**Aim of the exercise:** Using the listing below, reproduce exactly the lines from the one with "Adesivo De Natal" through the last, with all pictures left out.

**Supplied information:**
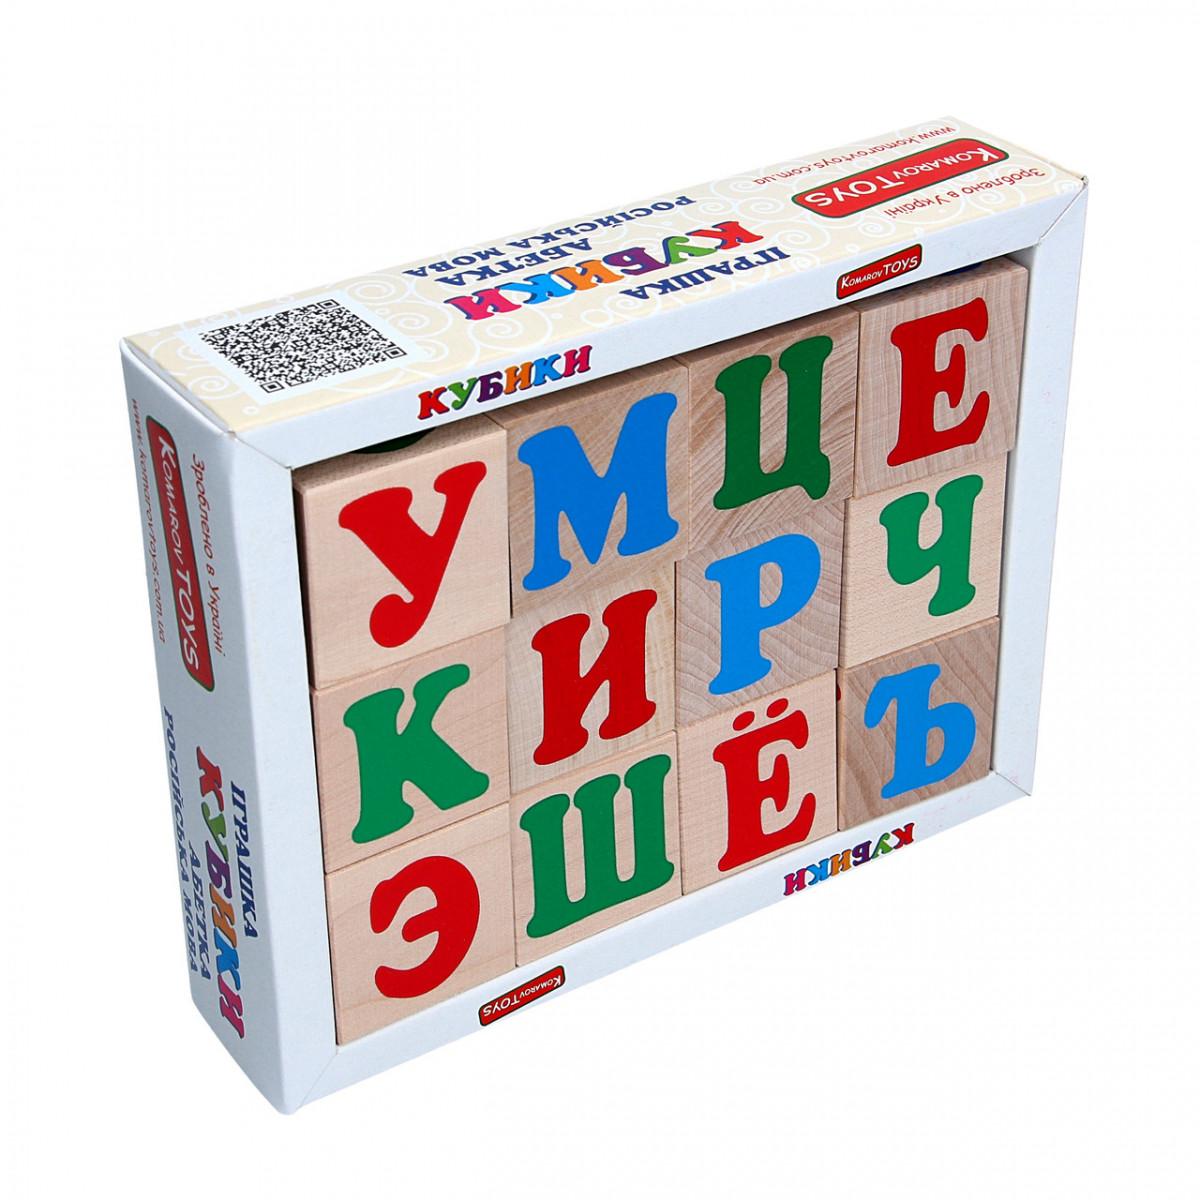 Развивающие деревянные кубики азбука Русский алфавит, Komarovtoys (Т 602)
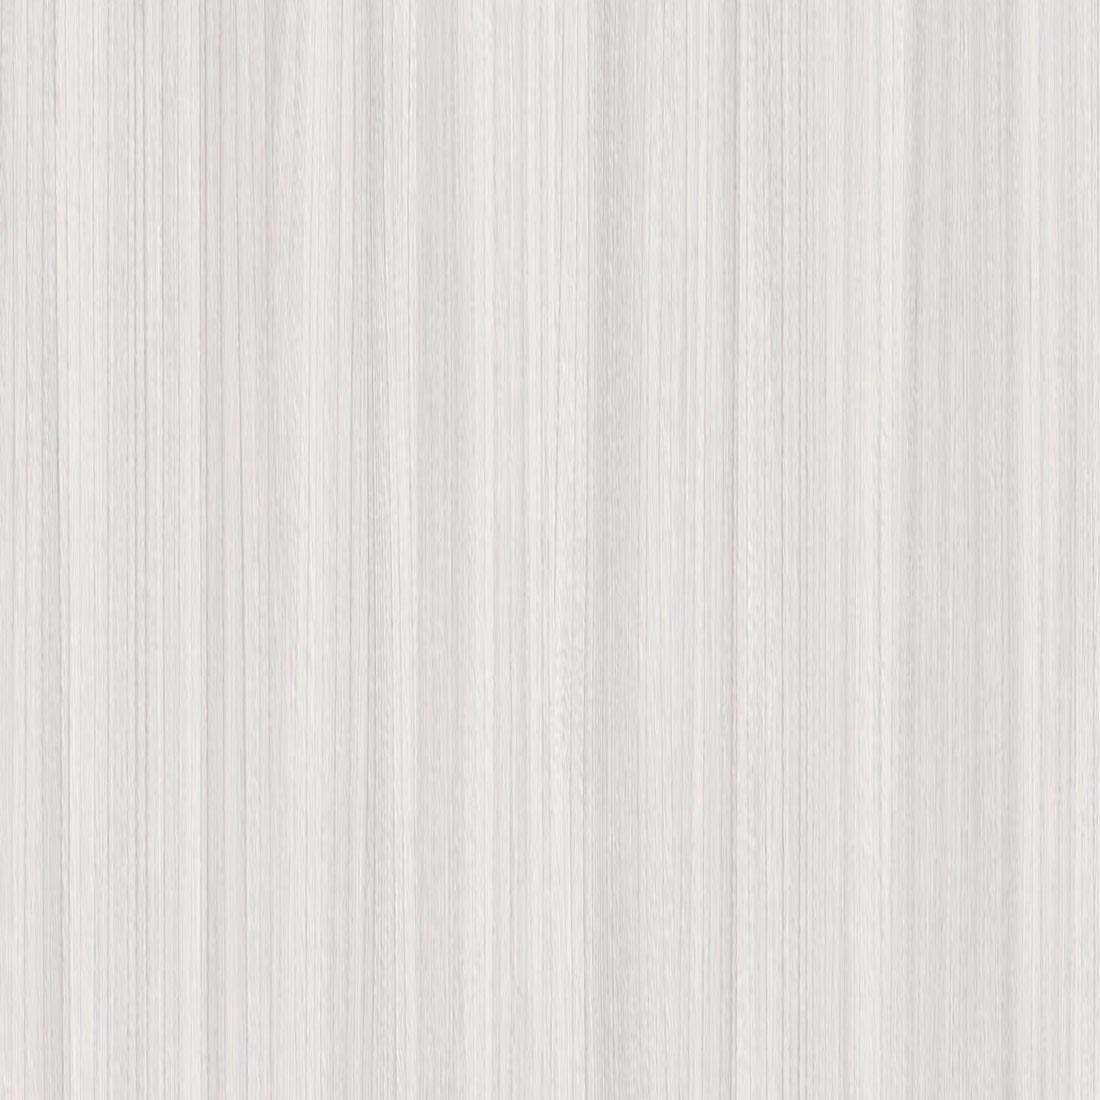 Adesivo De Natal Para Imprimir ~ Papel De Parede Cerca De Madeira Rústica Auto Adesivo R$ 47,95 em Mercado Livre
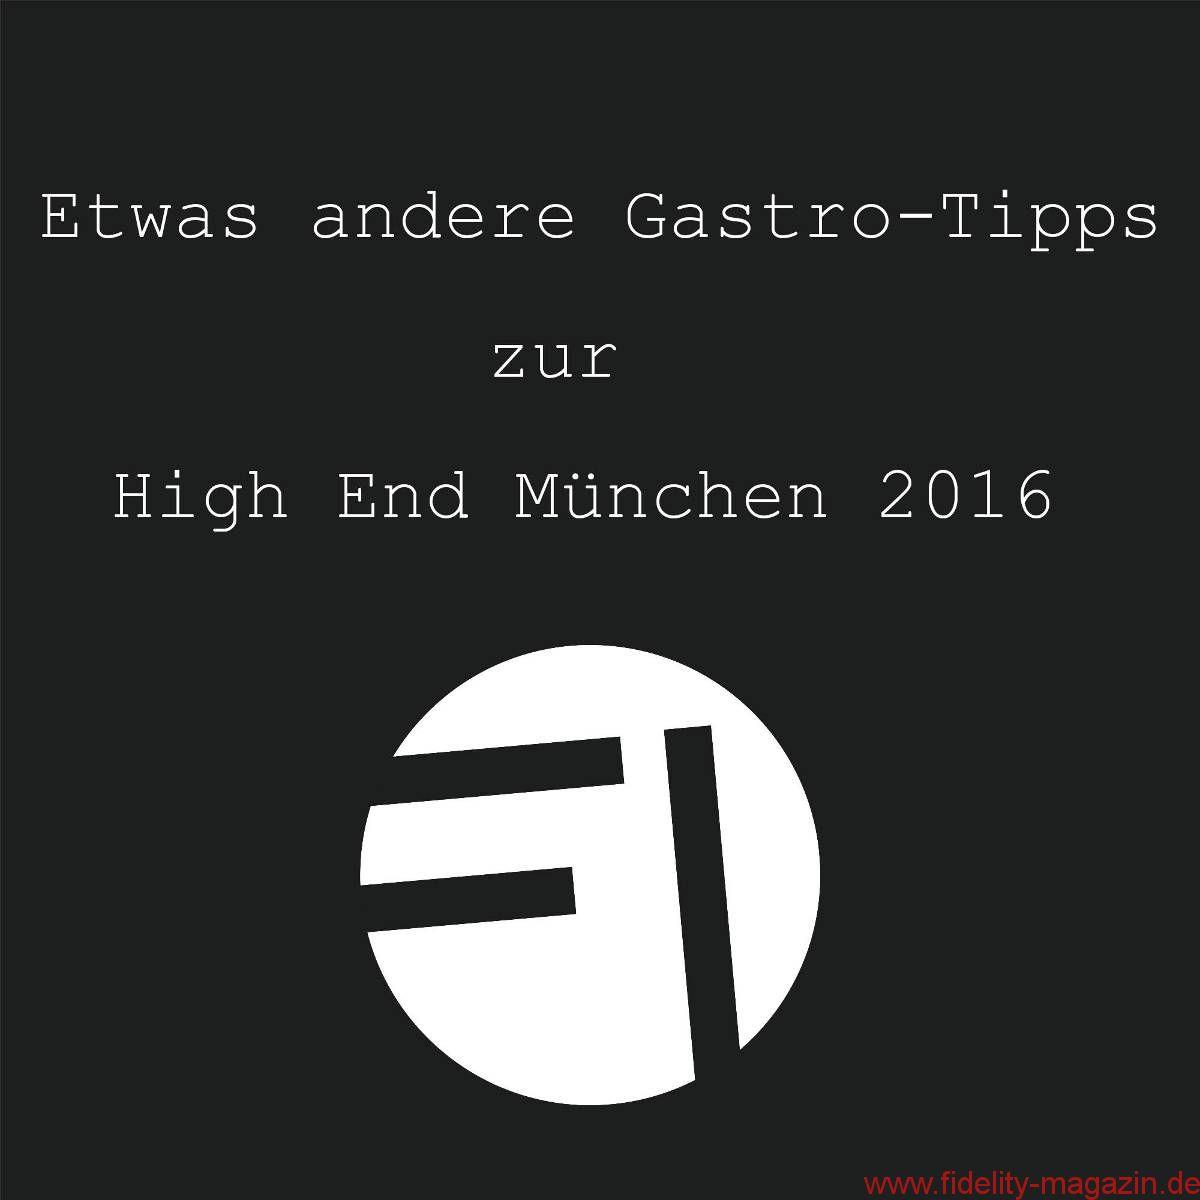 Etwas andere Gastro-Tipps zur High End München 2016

**Response to this task:**
 Adesivo De Natal Para Imprimir ~ Papel De Parede Cerca De Madeira Rústica Auto Adesivo R$ 47,95 em Mercado Livre
 Etwas andere Gastro-Tipps zur High End München 2016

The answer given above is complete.